The focus of this research is on studying the diffusion of actionable information in social networks, where the network structure may change over time as the result of the information flow. In addition, the information being spread requires a decision to be made and an action to be taken. An agent-based model for studying such processes is presented. The framework incorporates the concept of trust between individuals and information sources and captures decision-making processes and behaviors at the individual level. We apply the framework to simulate the spread of evacuation warnings in a large-scale wildfire scenario. Through simulation experiments, we explore the effect of network structure in terms of distribution of trust and tie strength in an evacuation setting.


Cindy Hui is a Ph.D. candidate in the Industrial and Systems Engineering Department at Rensselaer Polytechnic Institute. She recently successfully defended her dissertation and will be receiving her doctoral degree in Decision Sciences and Engineering Systems in May 2011. She holds a dual B.S. in Mathematics and Computer Science and a M. Eng. in Operations Research and Statistics, also from RPI. Her research interests include model development and simulation, data analytics, network analysis, and social networks.
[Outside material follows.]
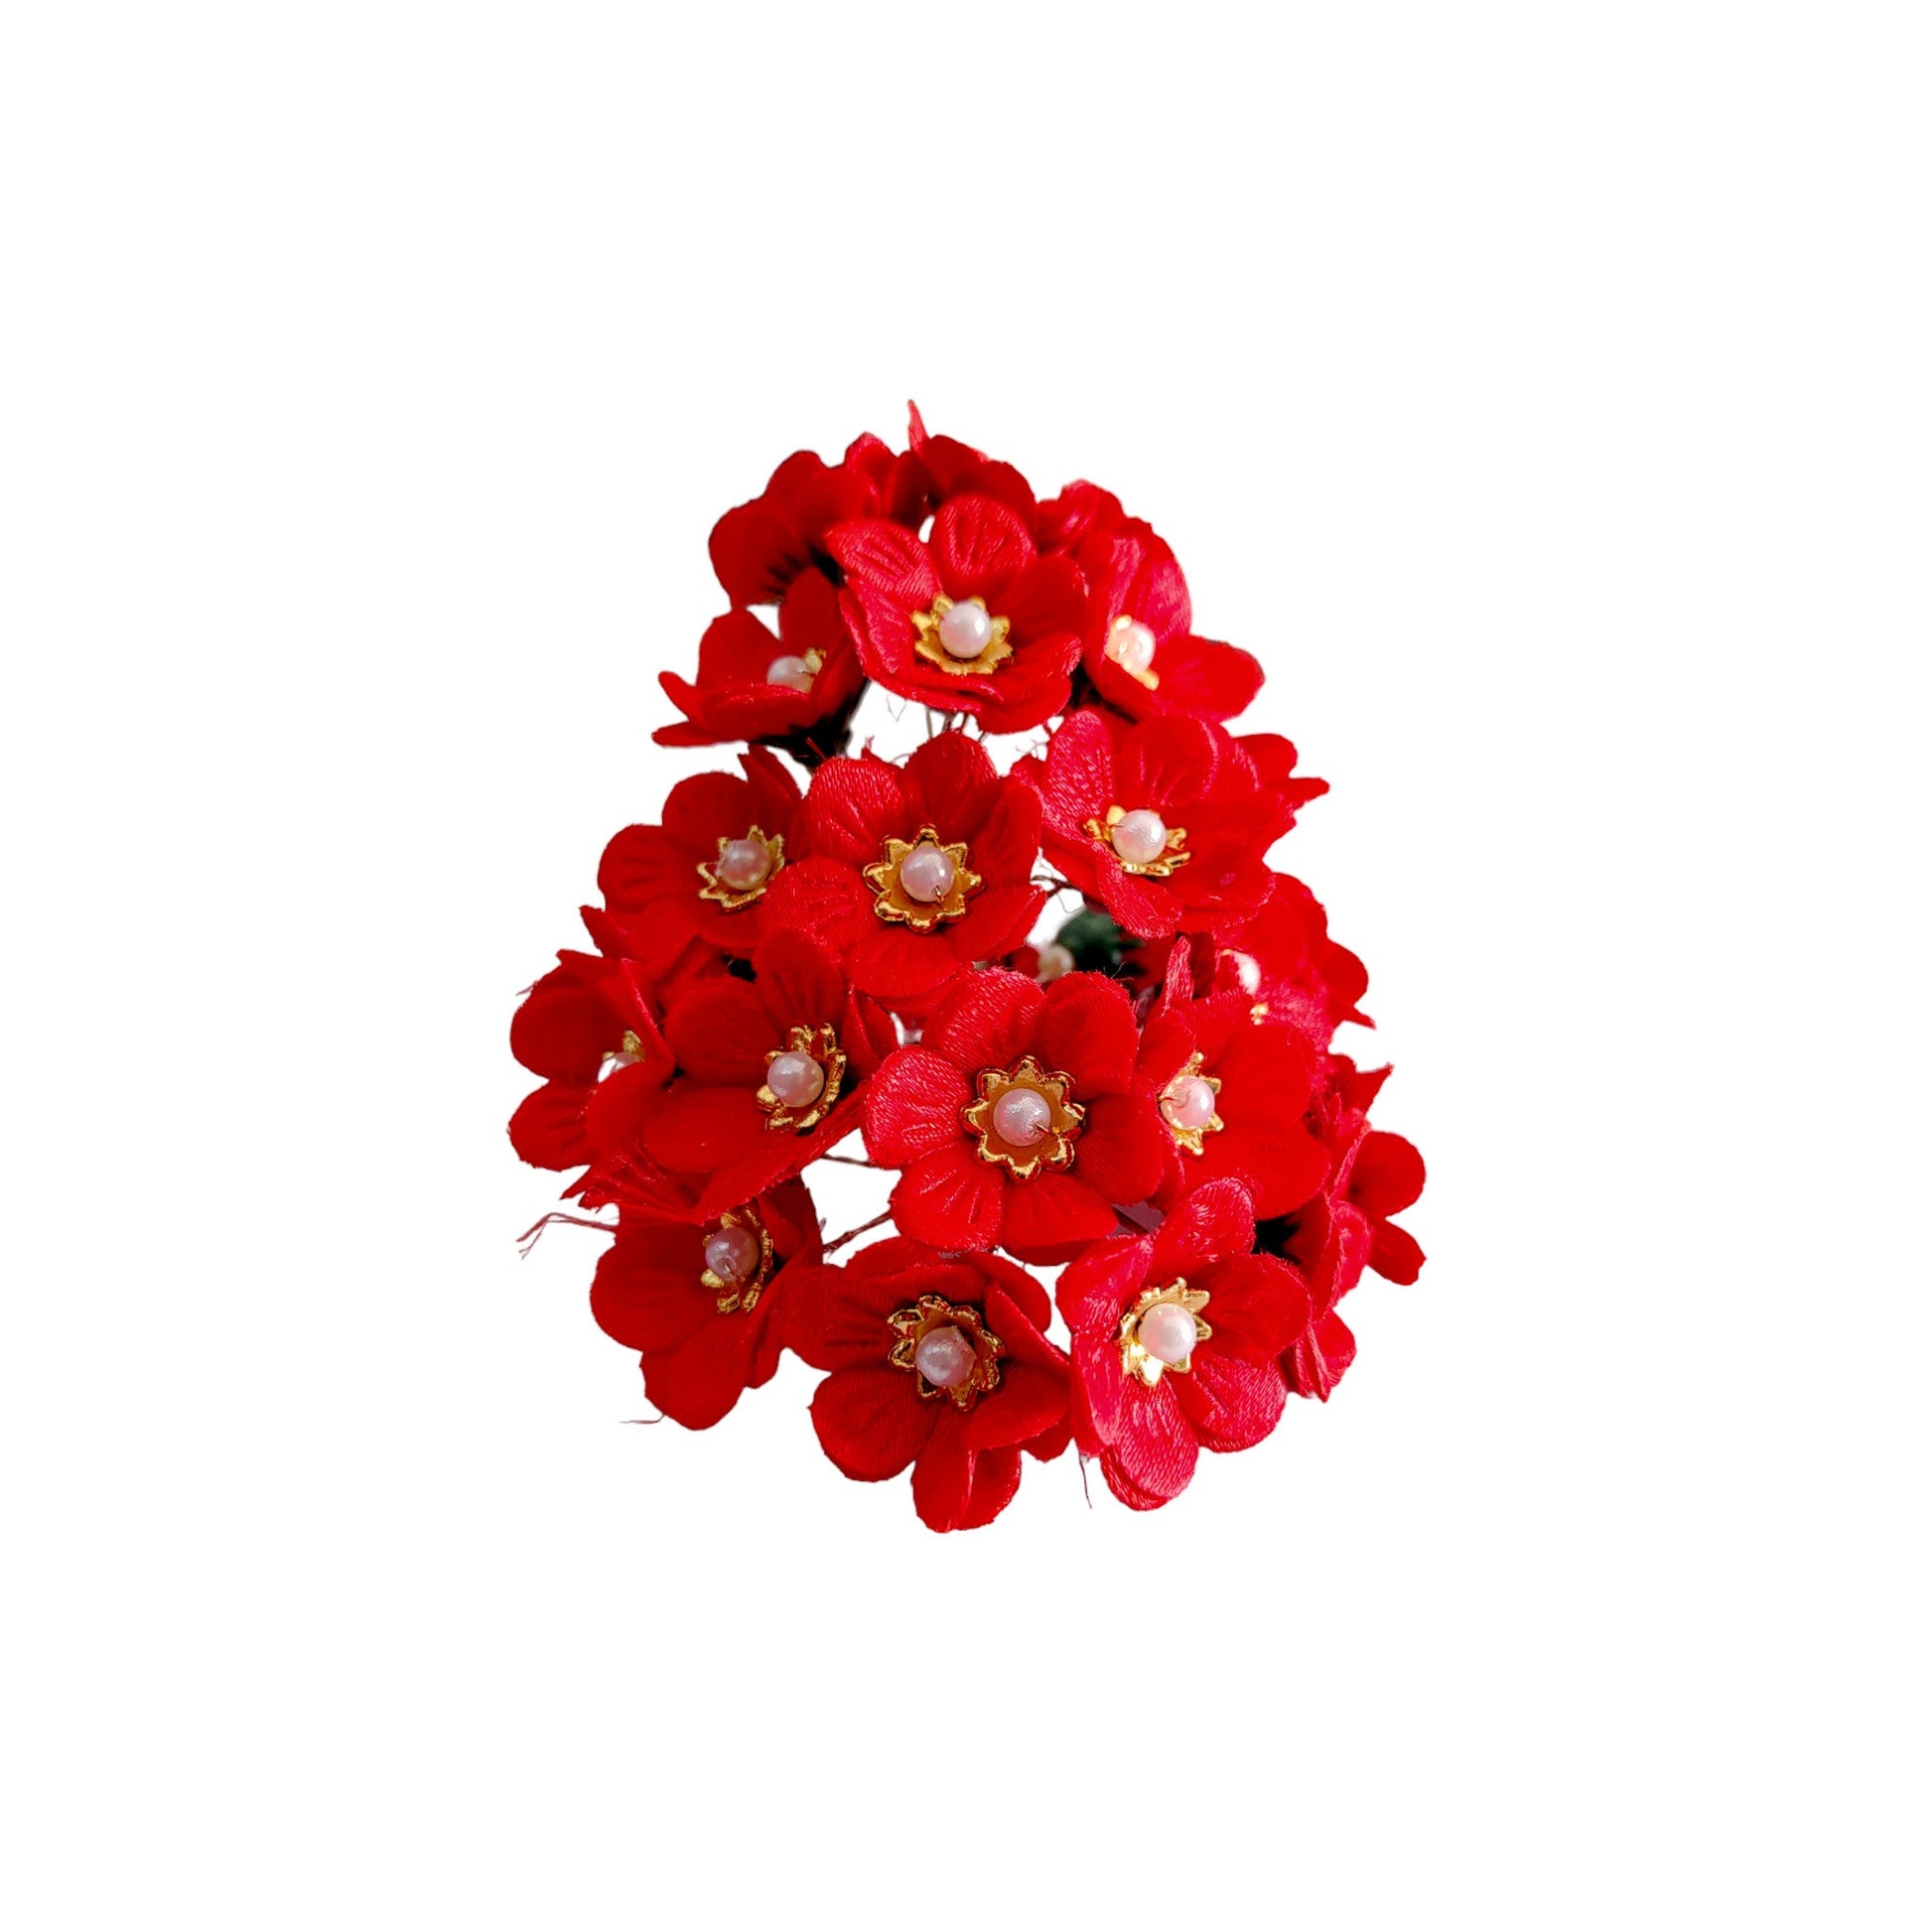 Indian Petals Decorative Artificial Primrose Fabric Flower for Decor, Craft or Textile, 60Pcs -11134, Red

Scott Kulp, Computer Science, Rutgers

Title: Visualizing Blood Flow through the Heart

After a heart attack, the movement of the heart walls during the cardiac cycle may change, affecting the motion of blood through the heart. This could potentially lead to an increased risk of clotting, and as a result, stroke. In order for doctors to determine a patient's risk, we are working on methods to generate an animated 3D model of a beating heart from CT data, use this animation to perform a physical simulation of the fluid flow, and finally visualize the simulation results.


Scott Kulp is a Ph.D. candidate in the Computer Science Department at Rutgers University. He received his B..S in Computer Science and Mathematics in 2008 from Ursinus College and his MS in Computer Science from Rutgers in 2010. He has also spent several summers as an intern at the Department of Defense, working on such projects as topic detection of conversational audio speech and simulations of iris tissue deformation to improve iris recognition performance. Scott is a recipient of a DHS Career Development Fellowship.

Mor Naamon, School of Communication and Information, Rutgers

Title: Network Science and Social Science on Twitter

Online social networks, articulated through many of the today's popular Web applications such as Facebook and Twitter, provide people with ways to create connections, seek support, share ideas, form and maintain relationships, and receive information. In these environments, the structure of a user's "network neighborhood" (ego-centric social network) is likely to be correlated with various aspects of the user' activity and presence in the service. In particular, we present work that uses Twitter to examine the connection between the structure of an individual's social network and a) their emotive communication patterns, and b) persistence of ties in their network.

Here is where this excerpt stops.